Когда пришло время заканчивать школу, мы решили, что поеду поступать в Москву. Была идея учиться в Новосибирске, но остановились на Москве. Ладно. Отпустили, приехал, поступил, начал подрабатывать. Вместе с однокурсницей — она знала о моей ориентации — снимали крохотную «однушку» чёрт знает где, рядом с метро. Тогда же я понял, что мне нужен сексуальный партнёр, хотя нет, я и раньше понял, но не решался. Списался в интернете с парнем, встретились ради секса. Приехал ко мне: скованный, одет обычно, с рюкзаком. После — лежим на кровати, слово за слово. И выясняется, что он православный послушник… Меня взбесило это, я его сразу выгнал. Он считал, что гомосексуальность — низость, чего только ни говорил, однако это не помешало ему лежать на моей кровати.

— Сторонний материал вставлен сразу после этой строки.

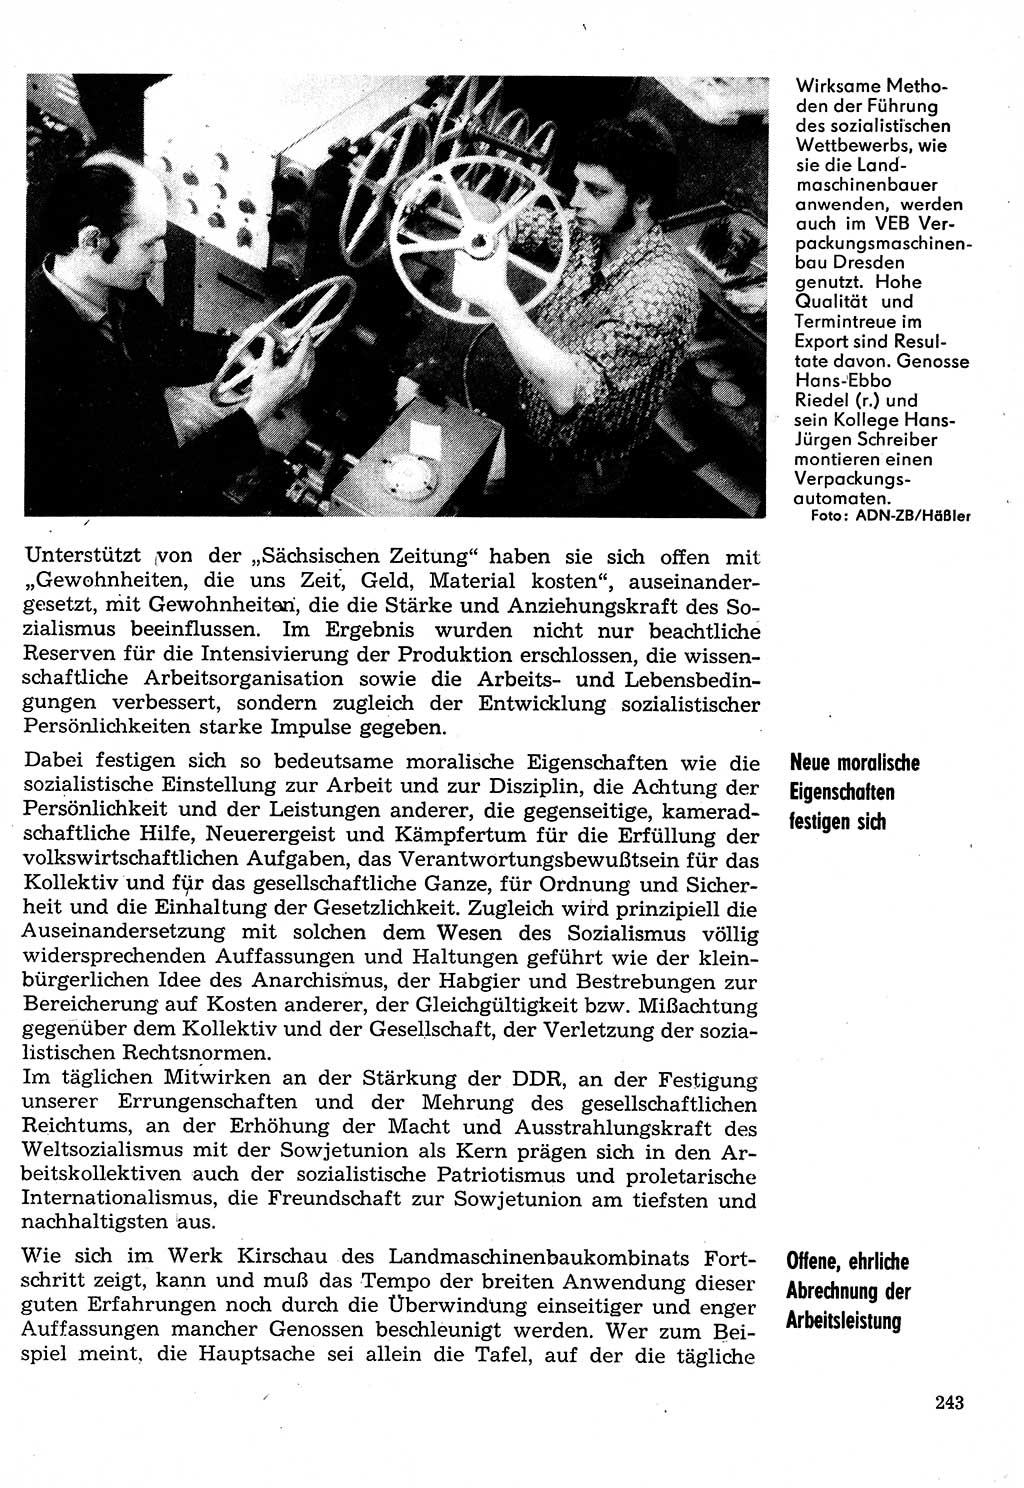 Neuer Weg (NW), Organ des Zentralkomitees (ZK) der SED (Sozialistische Einheitspartei Deutschlands) für Fragen des Parteilebens, 30. Jahrgang [Deutsche Demokratische Republik (DDR)] 1975, Seite 243 (NW ZK SED DDR 1975, S. 243)

Где-то через полгода я обратился к врачу, она направила меня сдать анализы. Потом оказалось, что у меня ВИЧ. Не могу с уверенностью сказать, что получил его от того послушника, хотя это был единственный случай, когда я не использовал средства защиты. В любом случае я на него зла не держу, так случилось. Что я чувствовал, увидев, что я плюс? Первую неделю не выходил из квартиры, даже спать не мог. Потом отошёл, начал гуглить, успокоился. Терапию принимаю года три. В ней ничего страшного нет.

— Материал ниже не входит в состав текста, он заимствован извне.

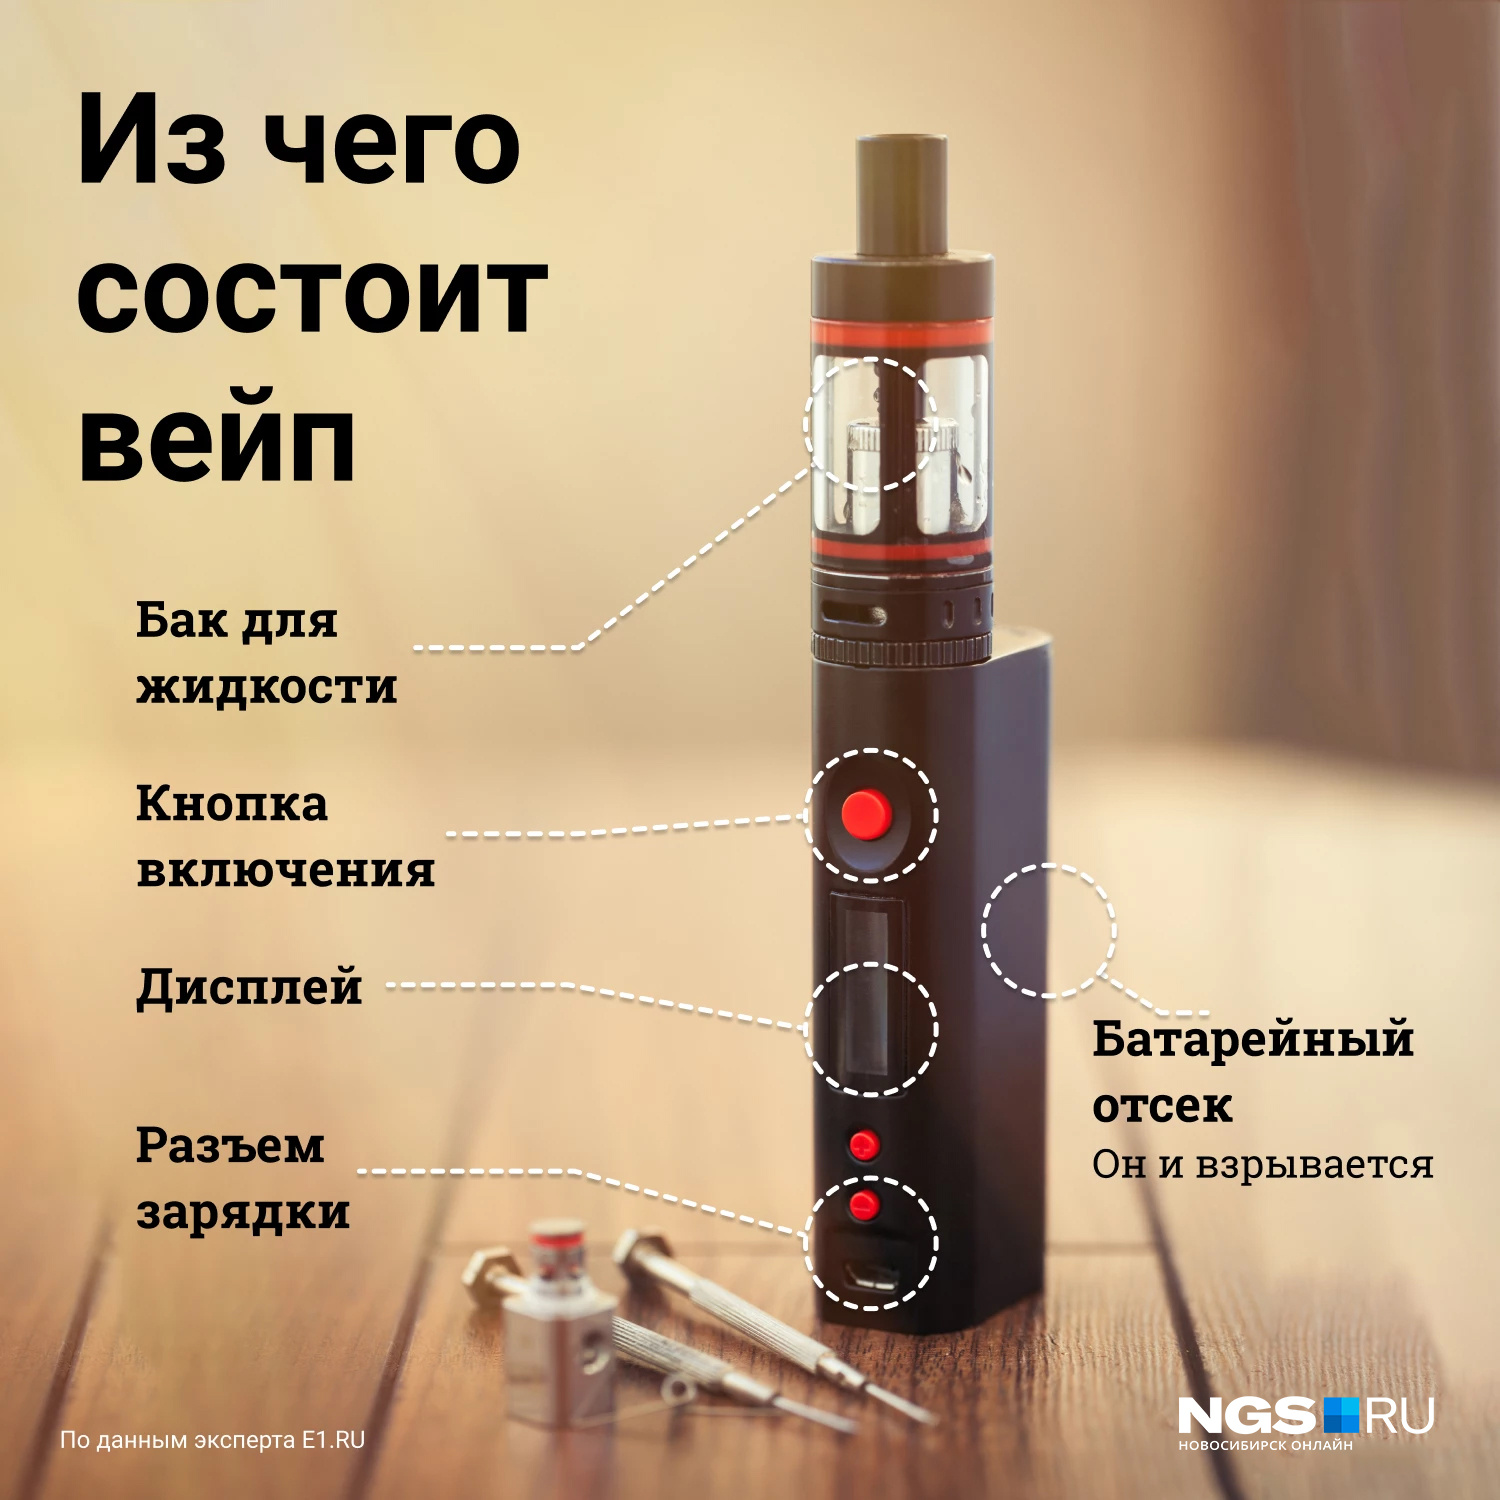 Отравление вейпами и электронными сигаретами среди подростков, вредные  вещества в вейпах, есть ли никотин в вейпах и электронных сигаретах, какие  заболевания вызывает вейпинг, март 2022 год - 9 марта 2022 - v1.ru

Заметил по себе, что стал чаще посещать католическую церковь, а не православную. Не знаю, связано ли это с моим опытом… Это приносит душевное спокойствие, а католики способны принять тебя таким, какой ты есть. Конечно, гомосексуальность неприемлема, но католики всё поймут. К тому же, в католической церкви очень много геев, а в православной, скорее, тяготеют к несовершеннолетним мальчикам… Моя мама молится за меня, она святая. Наверное, у православных священников меньше какой-то святости, толерантности и всепрощения… Святость у них выборочная, мне кажется.

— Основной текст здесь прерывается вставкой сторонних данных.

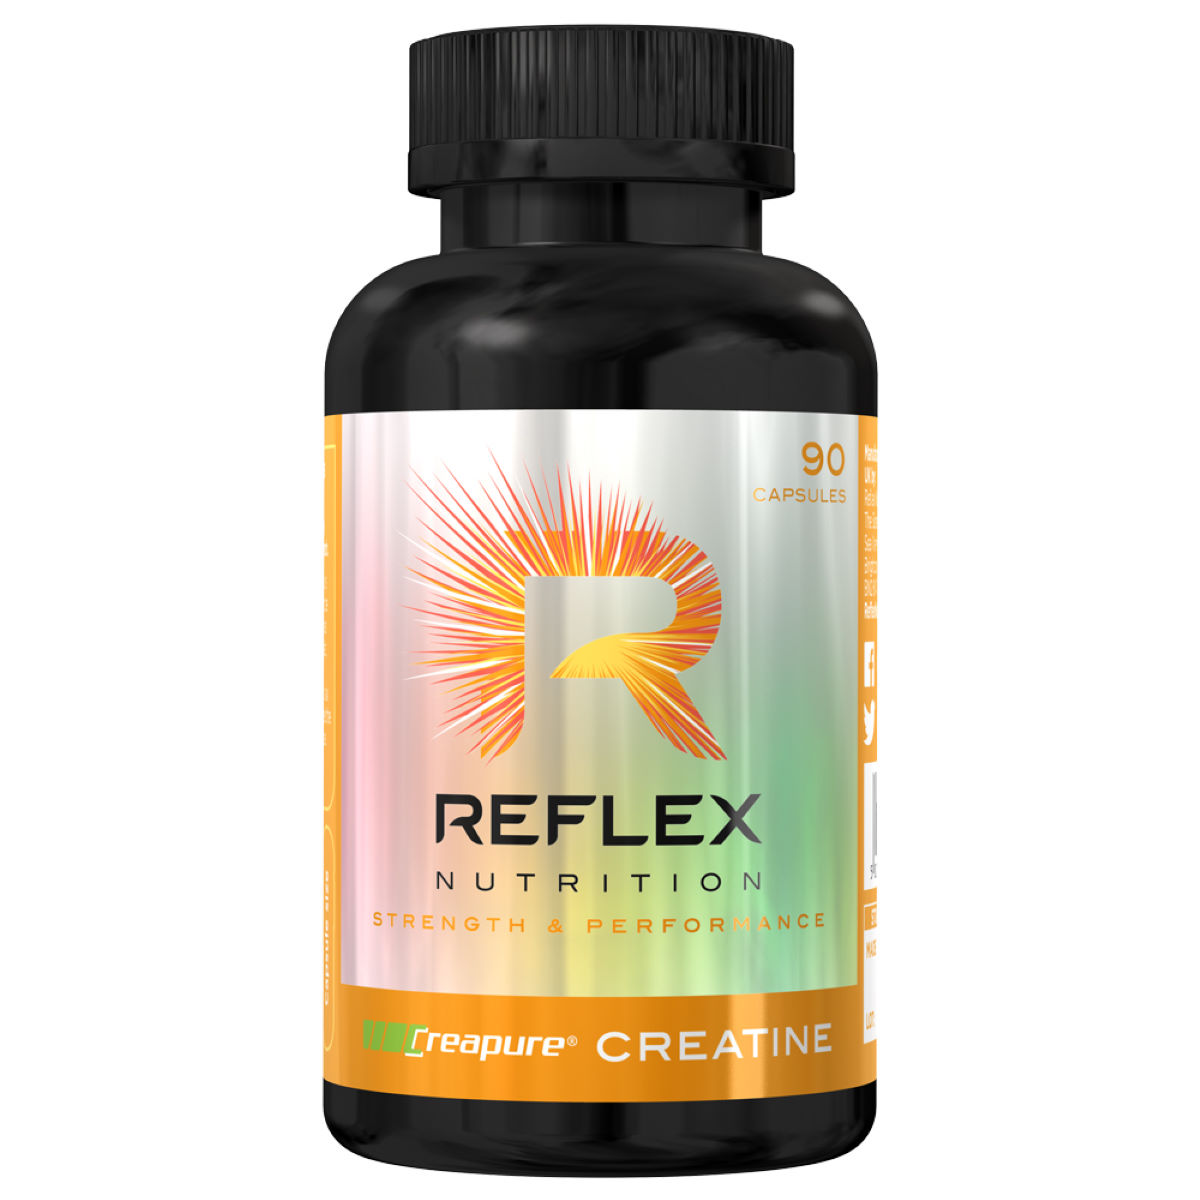 Reflex Creapure Creatine Capsules (90 Capsules) - Creatina en comprimidos

Но даже страшно не то, что многие из ВИЧ-положительных не знают о своём статусе или узнают поздно. Действительно не по себе становится тогда, когда ты плюс и приходишь лечить те же зубы, а тебе приходится давать взятку. Если тебе нужны имплантаты или хирургическое вмешательство — тем более. Я очень много о таком читал и слышал. Редко, где есть медицинский сервис для ВИЧ-положительных. Даже узнавать не хочу, как обстоят дела в Омске. Вот это ощущение, что ты один со своим диагнозом и что даже государства как будто и нет рядом с тобой, — вот это страшно.

Дмитрий Уфимцев, заместитель председателя правления общественной организации «Гуманитарный проект»

Казалось бы, это странно, но ВИЧ-инфекция поднимает вопросы прав человека как никакая другая. И если будет дискриминационное законодательство, позиция прессинга со стороны здравоохранения к тем же потребителям наркотиков, то эта стигматизация не будет способствовать тому, что люди пойдут сдавать анализы на ВИЧ-инфекцию, проходить тестирование и вообще пользоваться медицинским сервисом. Следовательно, нам не удастся остановить эпидемию.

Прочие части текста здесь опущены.